Outro Escritor na Mira Fundamentalista

Kamel Daoud - Foto: Arquivo Pessoal/ Facebook
Kamel Daoud – Foto: Arquivo Pessoal/ Facebook

O romance Mersault, Contre-enquête (Mersault, Contra-investigação), de Kamel Daoud, foi lançado em 2013 na Argélia, sem maiores repercussões. Publicado na França, no ano seguinte, recebeu críticas entusiasmadas e por pouco não venceu o Goncourt, principal prêmio do país. Foi o suficiente para atrair não apenas os holofotes para seu autor, mas também a ira de grupos islâmicos fundamentalistas – um Iman Salafista (grupo ultraconservador) chegou ao extremo de pedir sua execução pública numa página no Facebook, no dia 16 de dezembro, logo bloqueada.

Com a condenação (conhecida por fatwa), o livro, que é uma espécie de continuação de O Estrangeiro, o clássico de Albert Camus (1913 – 1960), virou sucesso absoluto na Argélia e deve ser lançado em 13 países. Mas o custo de tanta exposição é alto. Daoud cancelou entrevistas e palestras e vive fechado em sua casa em Oran, segunda maior cidade da Argélia, onde trabalha como jornalista. O governo condenou a ameaça, mas não ofereceu proteção. Há grupos de direitos humanos batalhando para que as autoridades assumam uma posição mais enérgica.

O motivo de tamanha discórdia é, claro, a religião, repetindo em parte o que aconteceu com o autor hindu-britânico Salman Rushdie, em 1989, depois do lançamento de seu Versos Satânicos. A situação é um pouco diferente, pois há quem diga que tal Iman não tem legitimidade para lançar uma verdadeira fatwa.
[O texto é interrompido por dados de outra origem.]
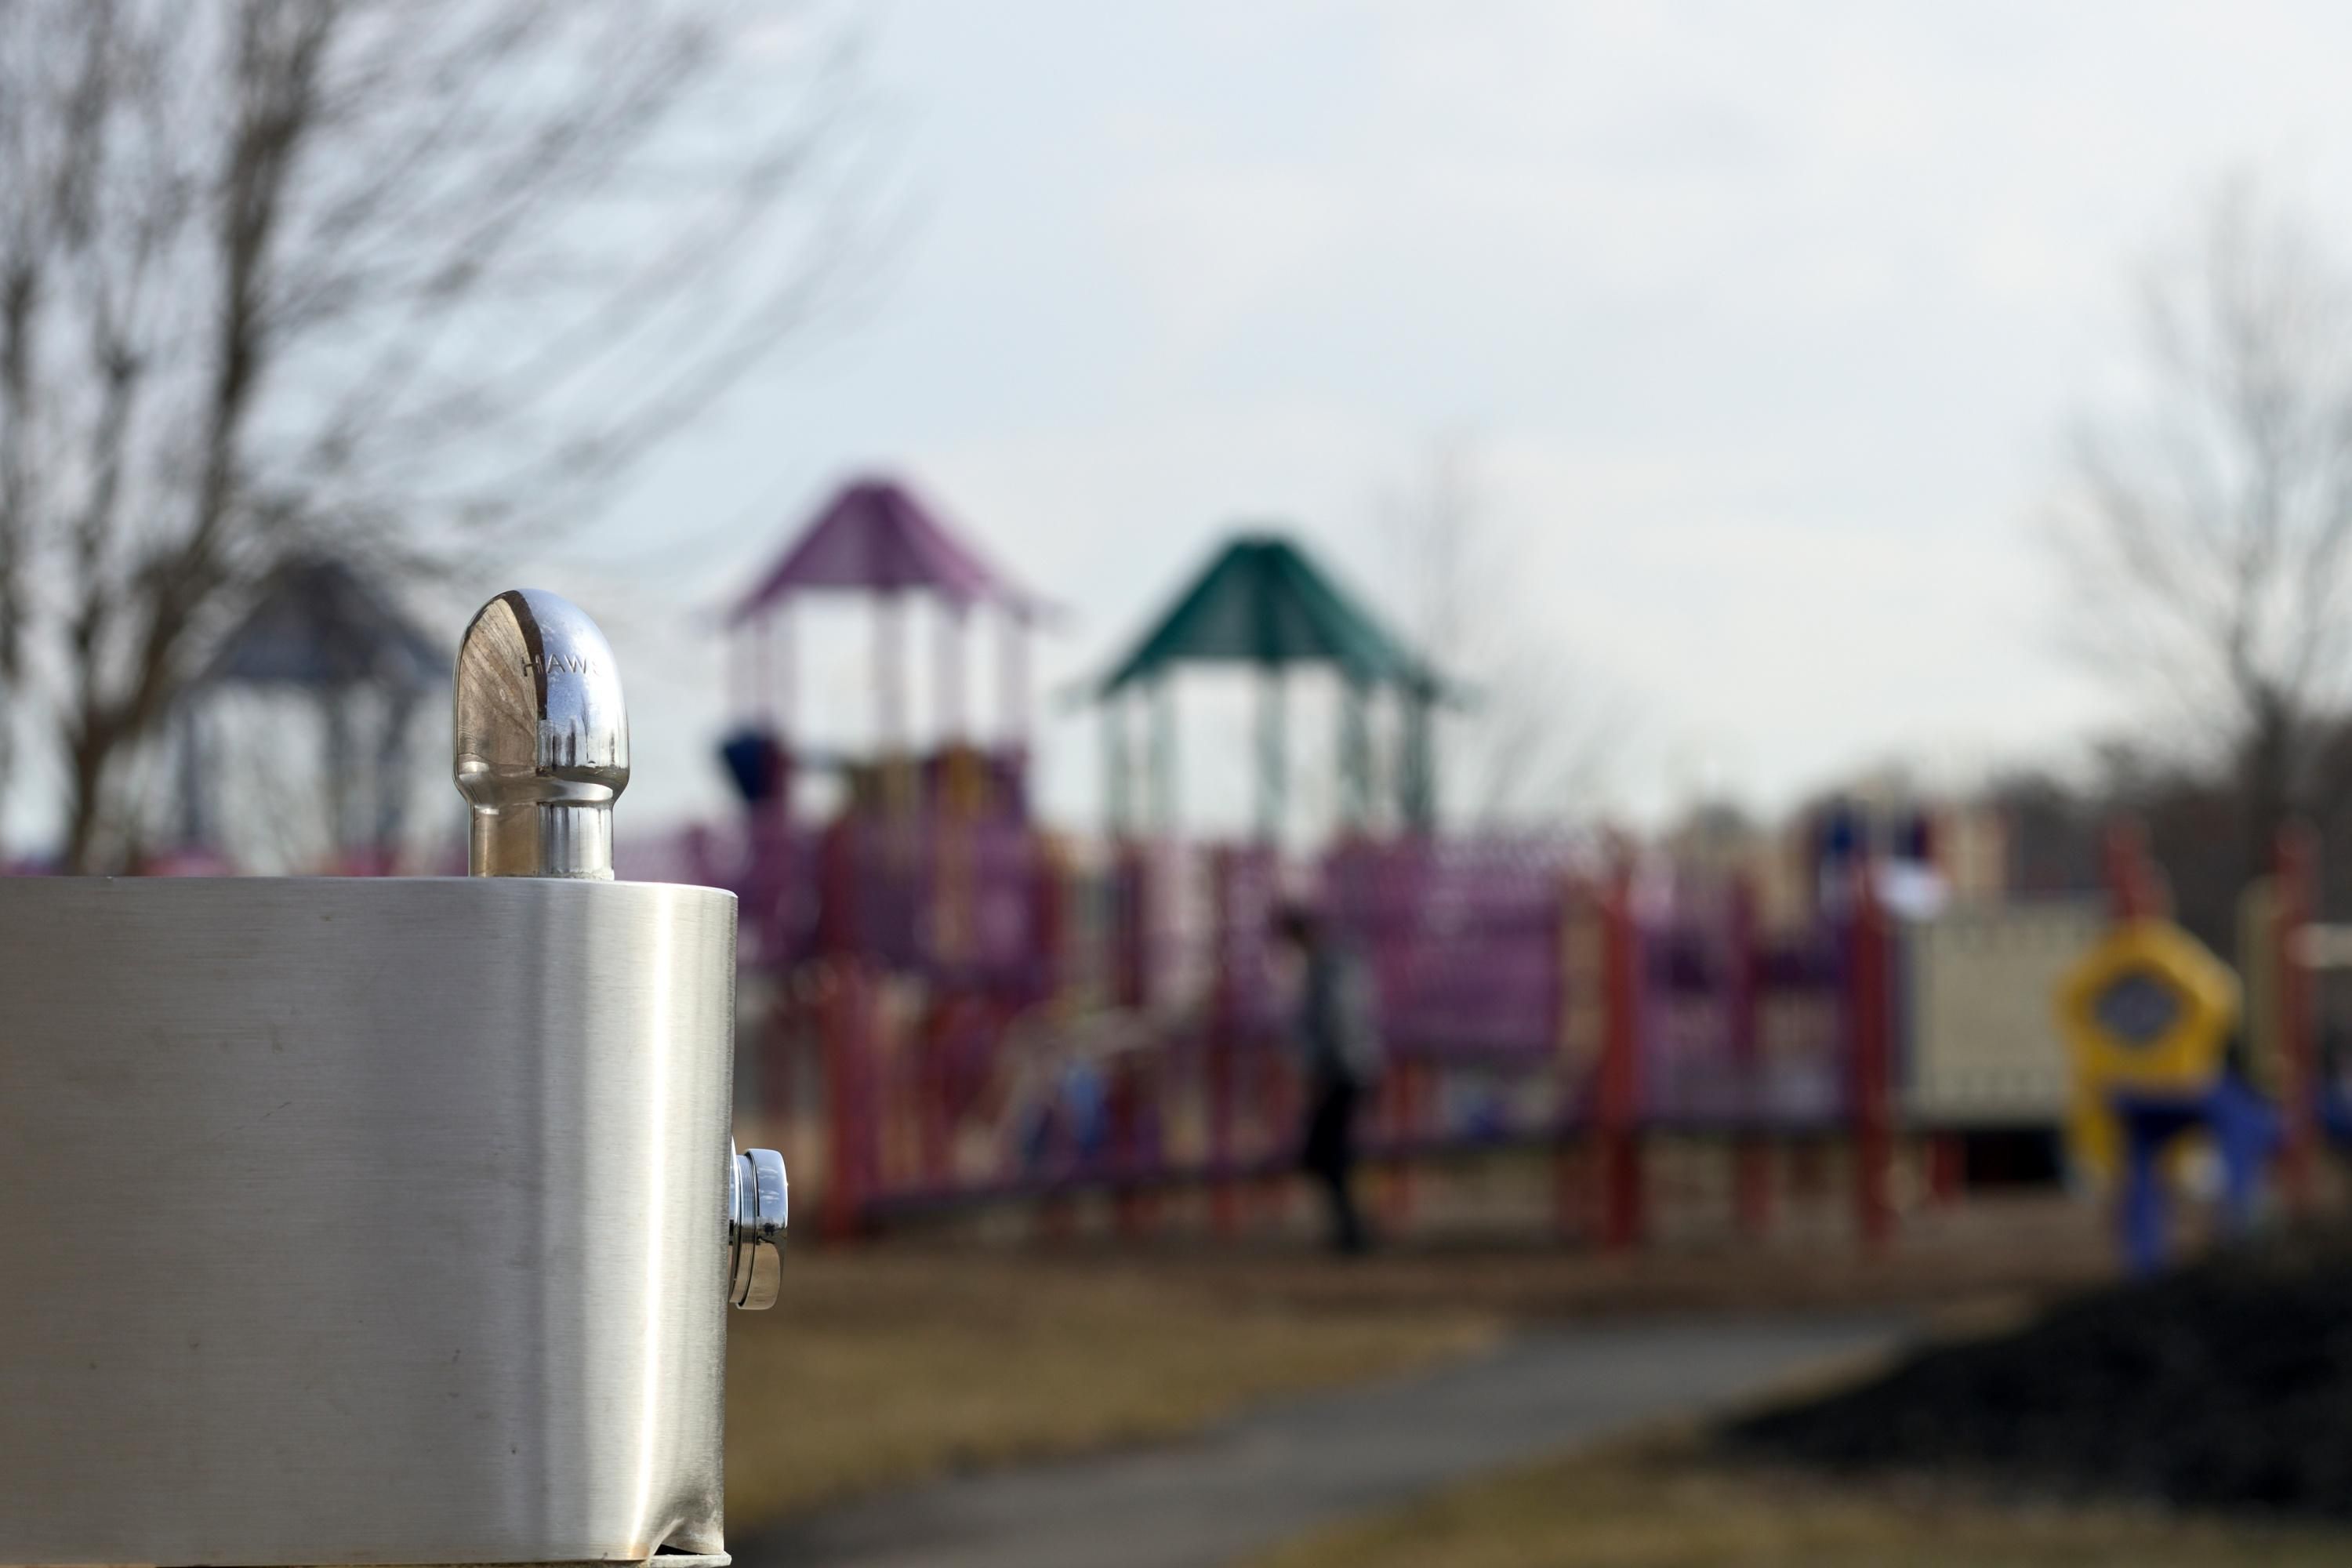 Playground with water fountain in foreground

Ainda assim, a ameaça permanece.

Profundamente influenciado por Camus, que o teria feito “trocar” a religião pelo existencialismo, Daoud imaginou em seu breve romance como seria a história do árabe sem nome assassinado pelo anti-herói Mersault em O Estrangeiro, e coloca como narrador o irmão da vítima.

O escritor acredita que possa estar sendo pressionado para se exilar por conta das fortes opiniões políticas expressas em sua coluna no Quotidien D’Oran. Nascido em 1970, Daoud viveu intensamente a guerra civil que assolou o país de 1992 a 2000, em que mais de 80 mil pessoas foram mortas no confronto entre as forças governistas e a Frente Islâmica de Salvação.